И, схватив трубку, закричала:
– Мама, мама!..
Сначала ничего не услышала, только шуршание в трубке, а потом далекий, слабый голос:
– Это я, Овсянникова, что такое?
– Это я, мама, я, Таня… мама!.. – А в трубке опять ничего не было слышно. – Мама… мама!..
Артемьев сначала стоял рядом с ней, готовый вмешаться и помочь, если что-нибудь будет не так, а потом, поняв, что помощь уже не нужна, ушел на кухню.
– Да, мама… да, да! – кричала Таня. – Все хорошо, все хорошо… Как папа? Когда? Ох… боже мой! Где? Как Витя? Когда?

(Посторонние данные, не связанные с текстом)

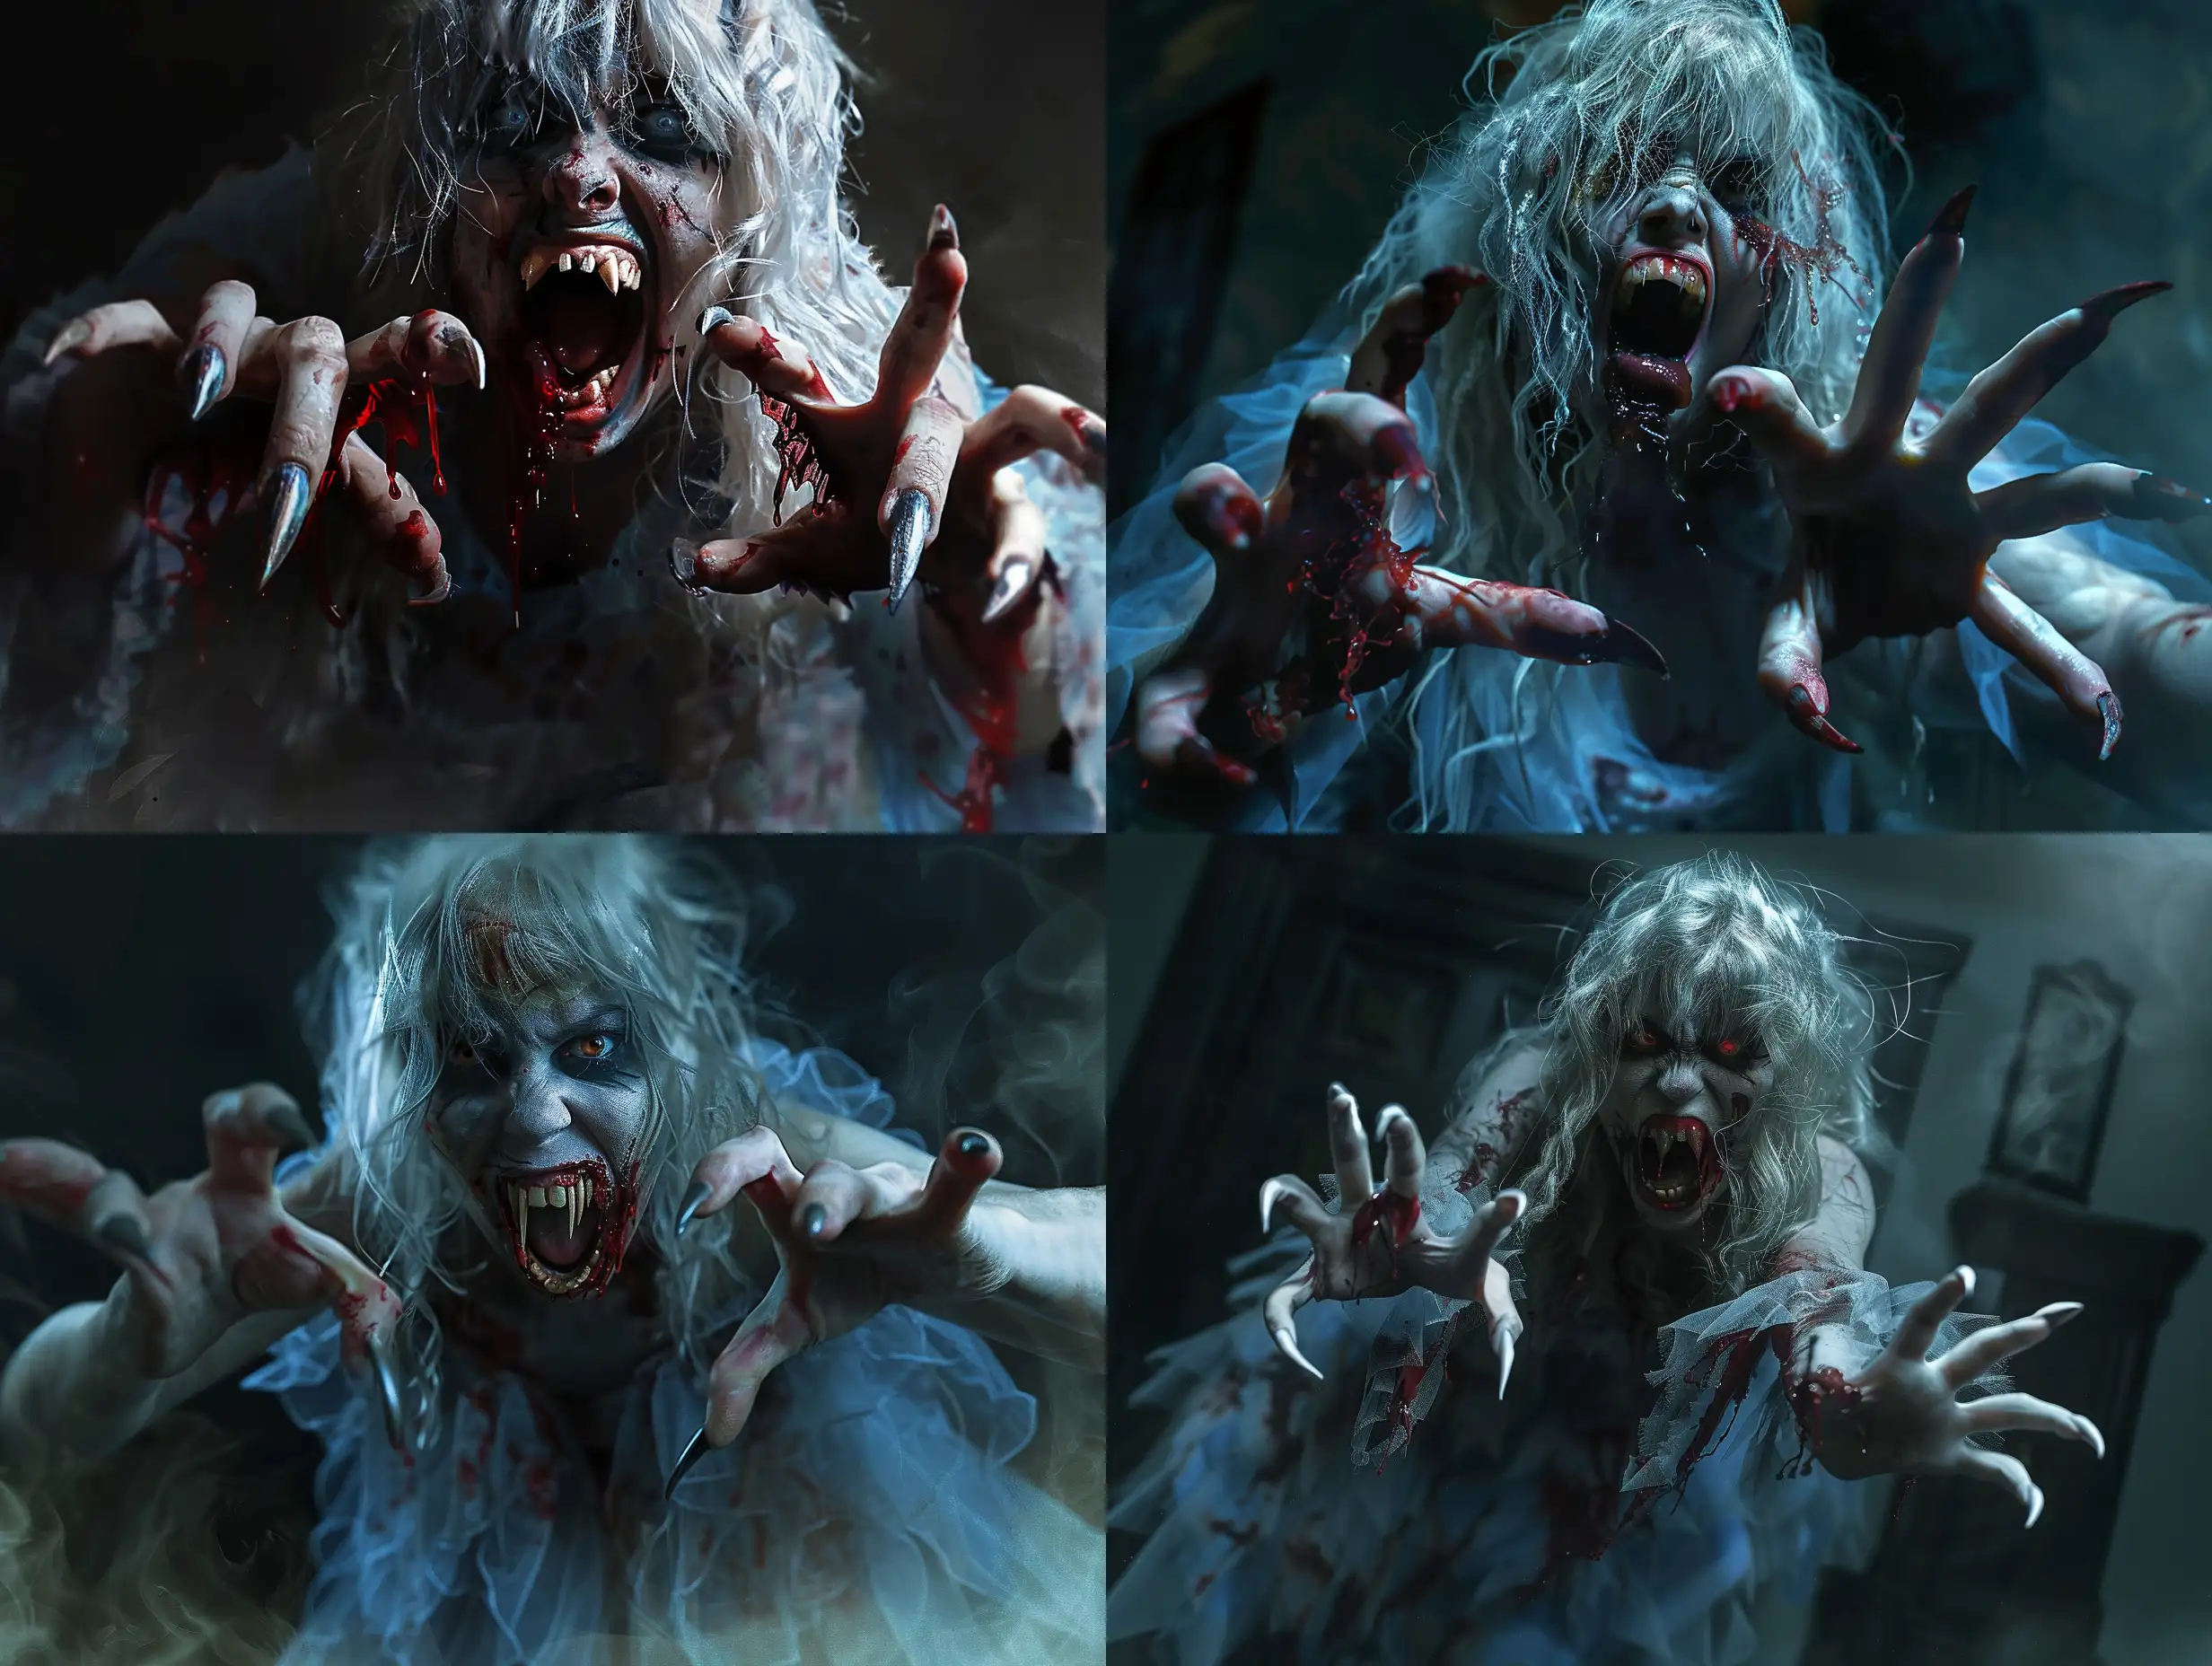 HyperRealistic-Monstrous-Female-Vampire-Portrait-in-Terrifying-Night-Scene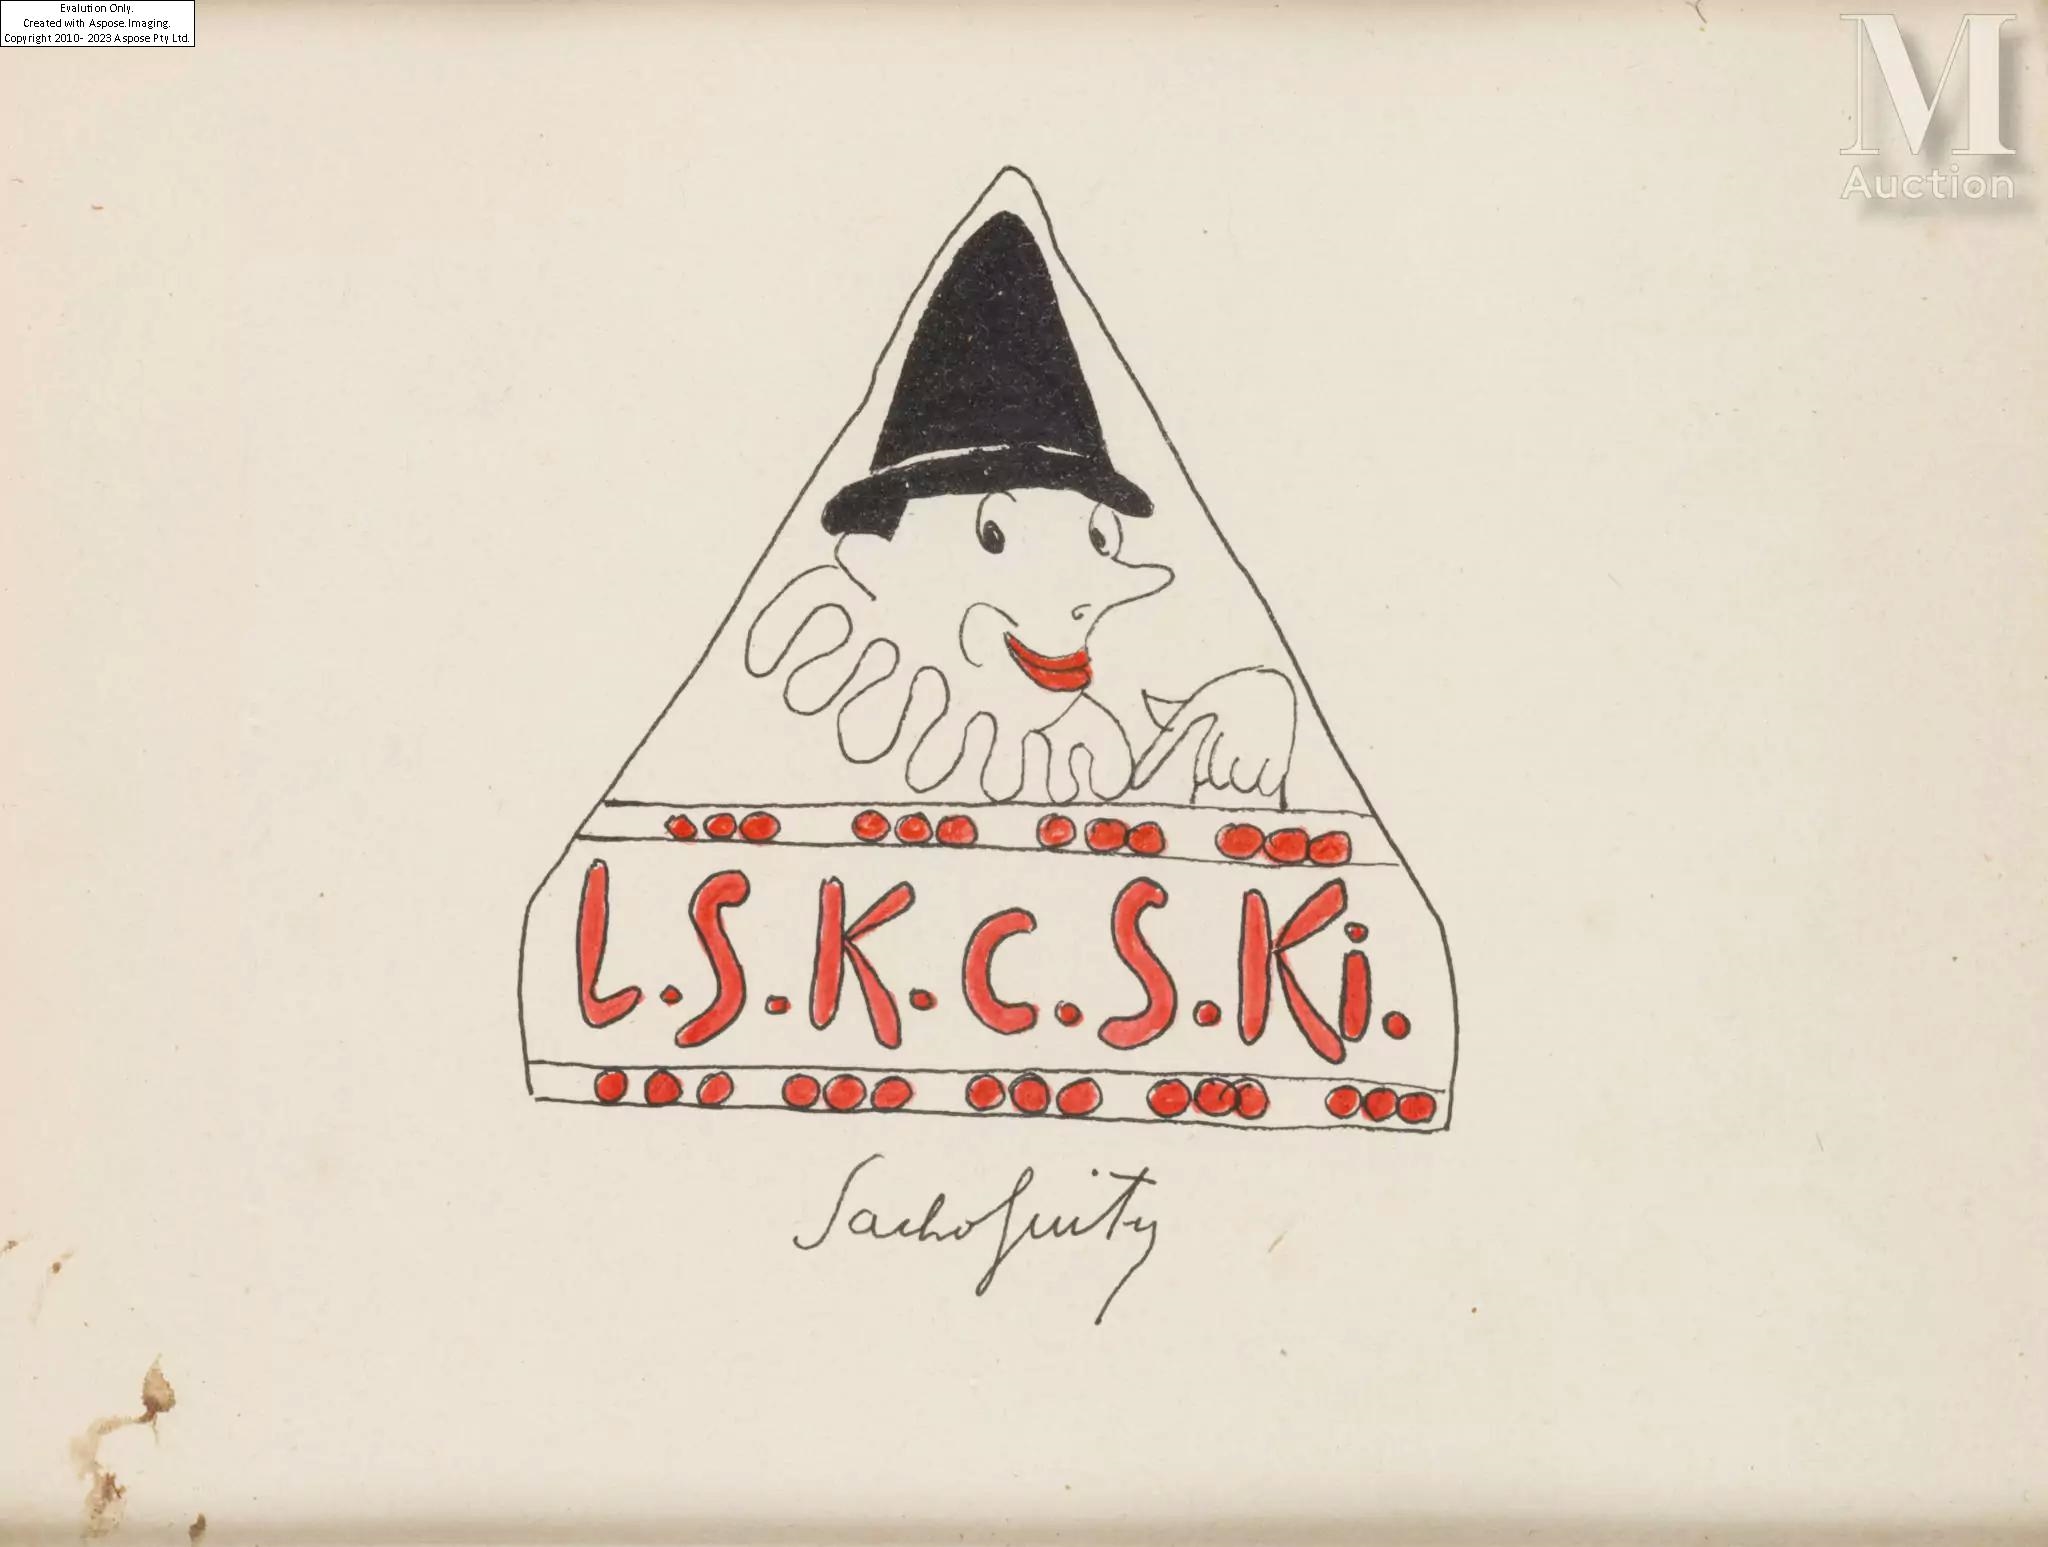 Projet de publicité L.S.K.C.S.Ki. pour le chocolat ELESKA - Sacha Guitry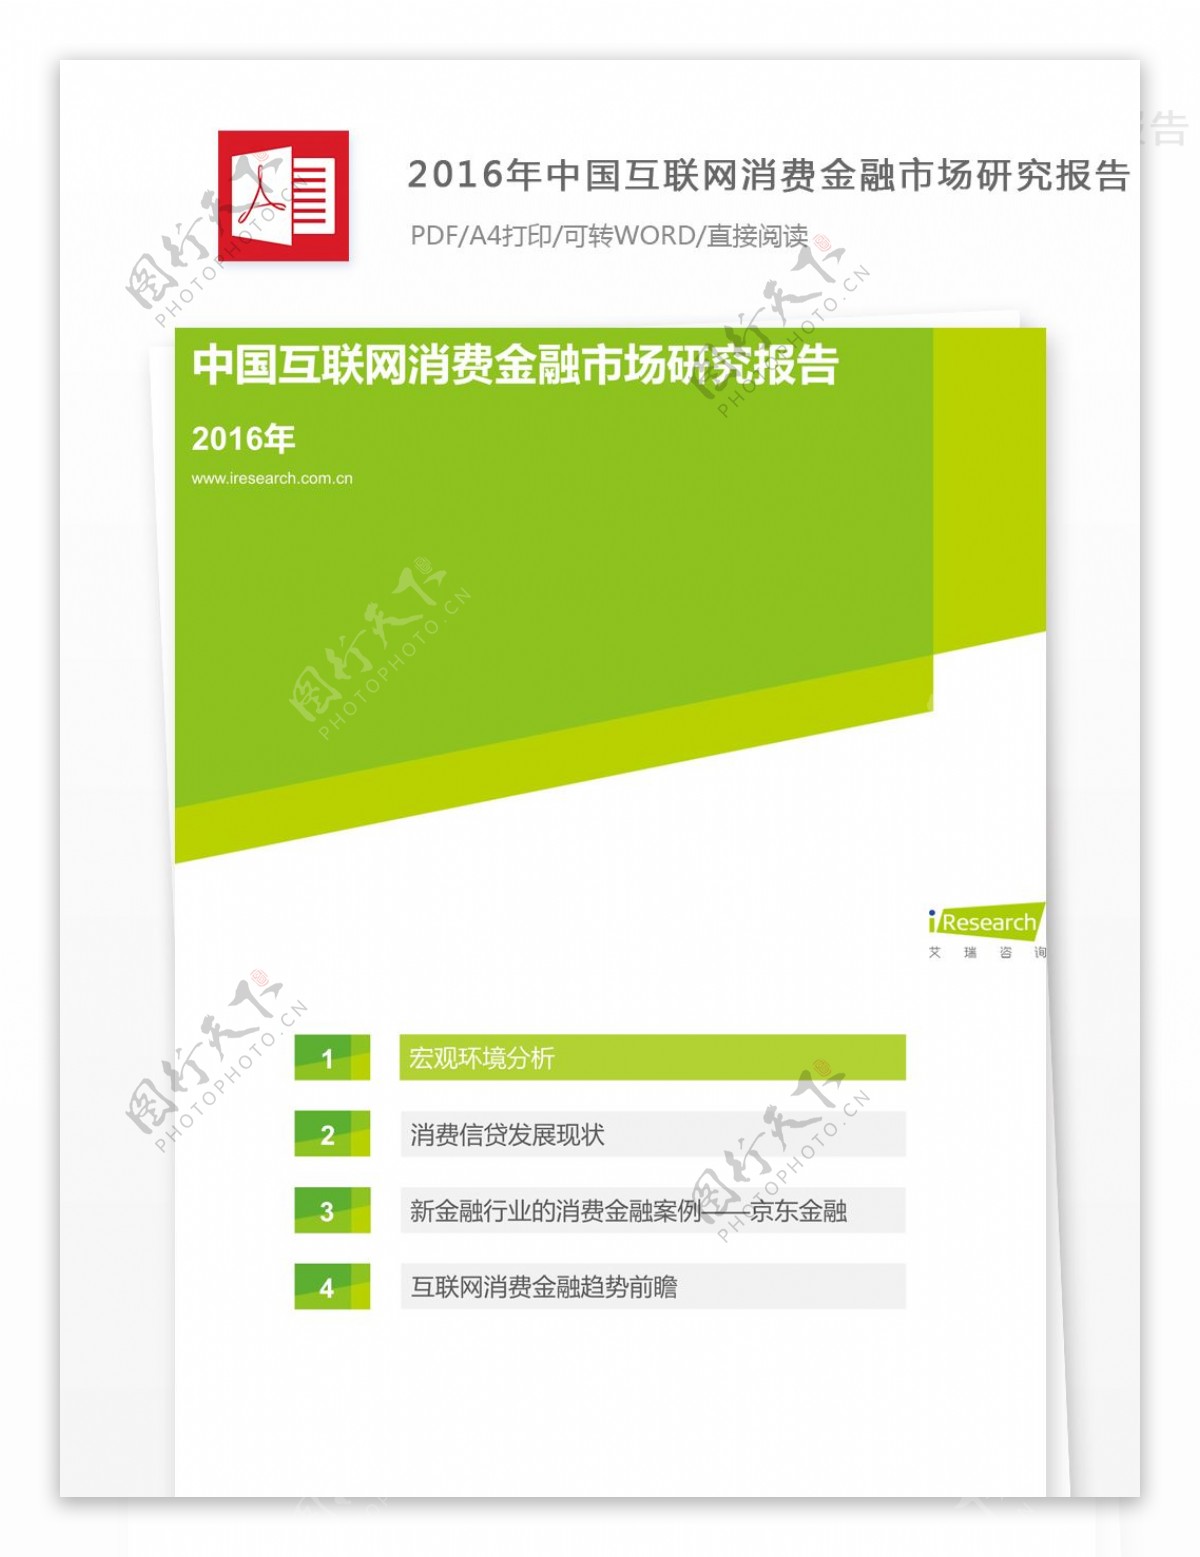 中国互联网消费金融市场研究报告的格式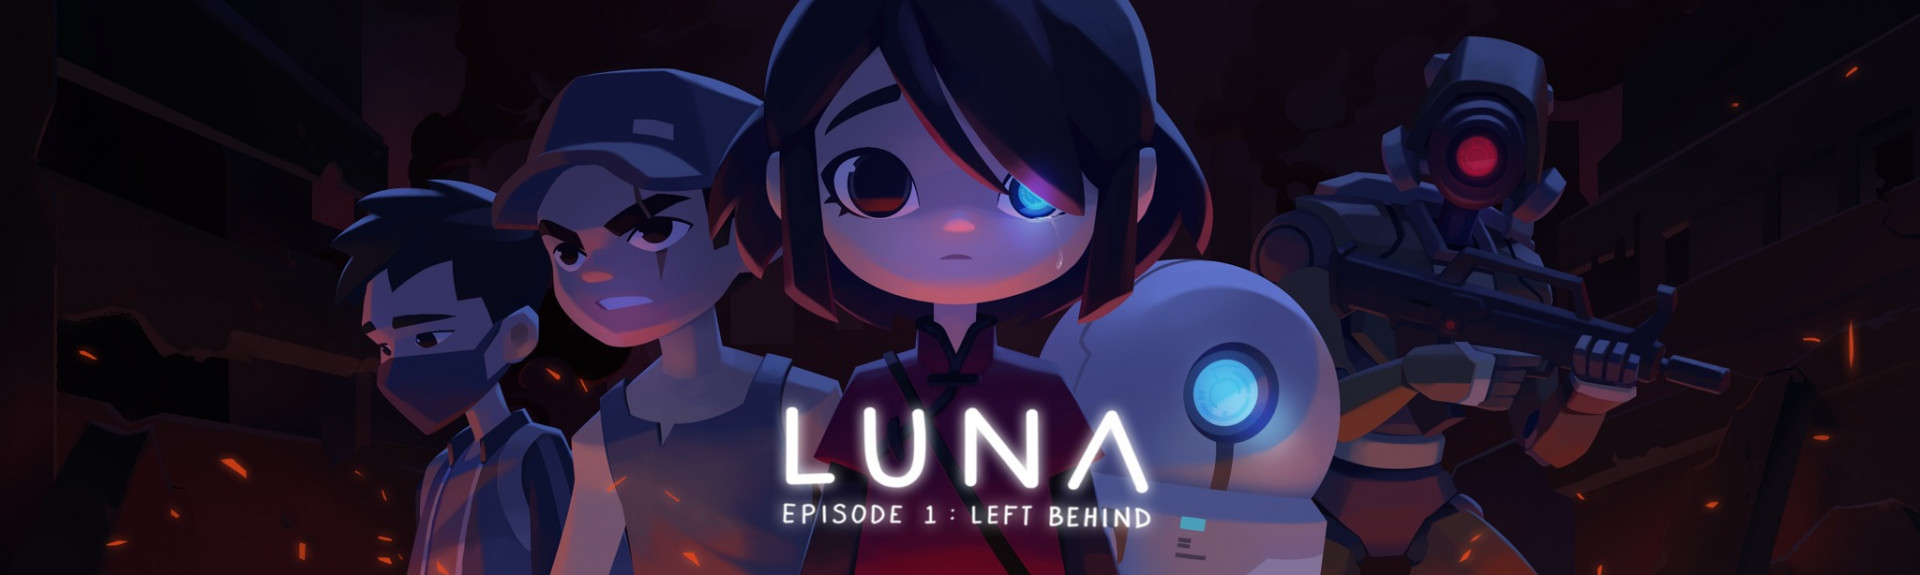 Luna: Episode 1 - Left Behind (DEMO)

Несмотря на закрытую дверь, все это было слышно, и Артемьев сидел на кухне и жалел, что устроил этот полный непоправимостей разговор по телефону. А Таня там, в комнате, все еще кричала:
– А извещение было?.. А? – Потом, очевидно, отвечала на вопросы: – Не знаю точно, наверное, дней через семь… Ты не встречай… Я знаю, я найду… Нет, не встречай, я сама найду… Что, что?.. Вернулся? – И несколько раз настойчиво, отчаянно повторила: – Нет, нет, я запрещаю тебе… Нет… Не хочу, нет… – А потом снова: – Мама, мамочка… Мама!..
«Разъединили», – подумал Артемьев, услышав, как лязгнула о рычаг трубка.
Таня вернулась в кухню притихшая, оглушенная. Он не стал расспрашивать ее. Того, что слышал, было достаточно, чтобы понять: ничего хорошего. Он ждал, а она сразу, как вошла, опустилась на табуретку, сидела и молчала, тяжело дыша, словно после долгой и трудной ходьбы.